Like Matt, Jerad is a year shy of his fortieth birthday, and the last time he was in school was half a lifetime ago, when he went to Blackhawk for a year right out of high school to learn to be a diesel mechanic. He finished the program, but a diesel mechanic’s job never came along, and that was before Janesville was in a nasty recession with thousands tossed out of work. Fearful though he is, Jerad is also glad to have gotten off the waiting list.
Jerad and Matt are in
the same program but on different class schedules. Soon, Matt settles into a routine. He brings to campus habits from his years as a GM’er, like many of the fish-out-of-water autoworkers at Blackhawk. They get to school early and shoot the breeze with the guys, as they did at their jobs. They bring to class the same work thermoses they brought to their jobs.
Jerad starts out fine, too. He enjoys going outside behind the classroom building on a nice late-summer day with the instructor, Mike Doubleday, a Blackhawk graduate himself and journeyman lineman until he was hired to help with the waiting list. The instructor divides the eighteen students into groups and assigns each group to work together to create a hole twelve inches across and six feet into the ground. No problem.
On another day soon, a practice utility pole is set into the hole, and each student must take a turn climbing it.
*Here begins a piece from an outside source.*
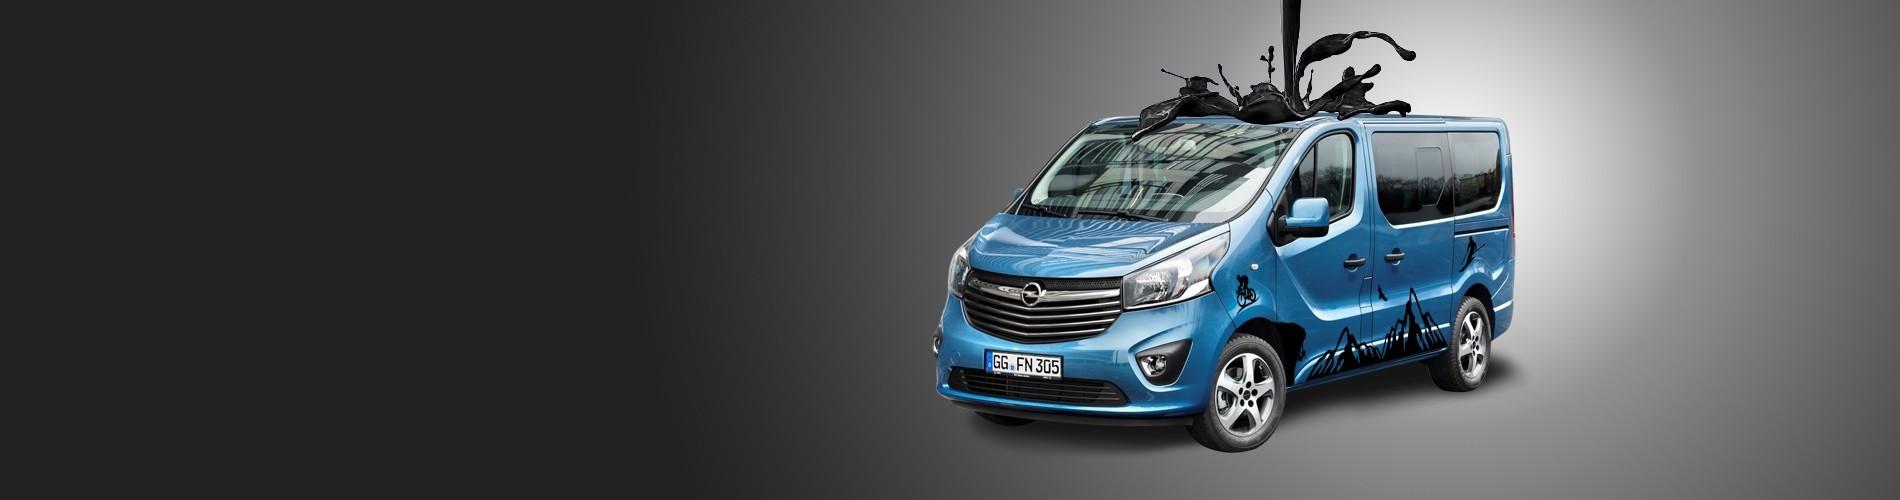 Ma Belle Voiture - Stickers Déco Opel Vivaro

When Jerad’s turn comes, he gets five feet up when a knee gives out. He slides to the ground, the rough wooden surface scraping his chest all the way down as he clings to the pole.
By the time he hits the ground, terrified, his skin raw, Jerad considers the fact that this was just a practice pole. What would have happened if he were on a real pole, thirty feet in the air, when he lost his footing and fell? How much good would he be for Tammy and the kids then? Besides, rumors are circulating that the good jobs at Alliant Energy, the jobs that are supposed to be waiting at the end of his year in school, may not be opening so fast. Instead of retiring, he is starting to hear, the older guys are hanging on to their jobs because, in this economy, their 401(k)’s are a shrunken mess. What will happen if he can’t get a job at the end?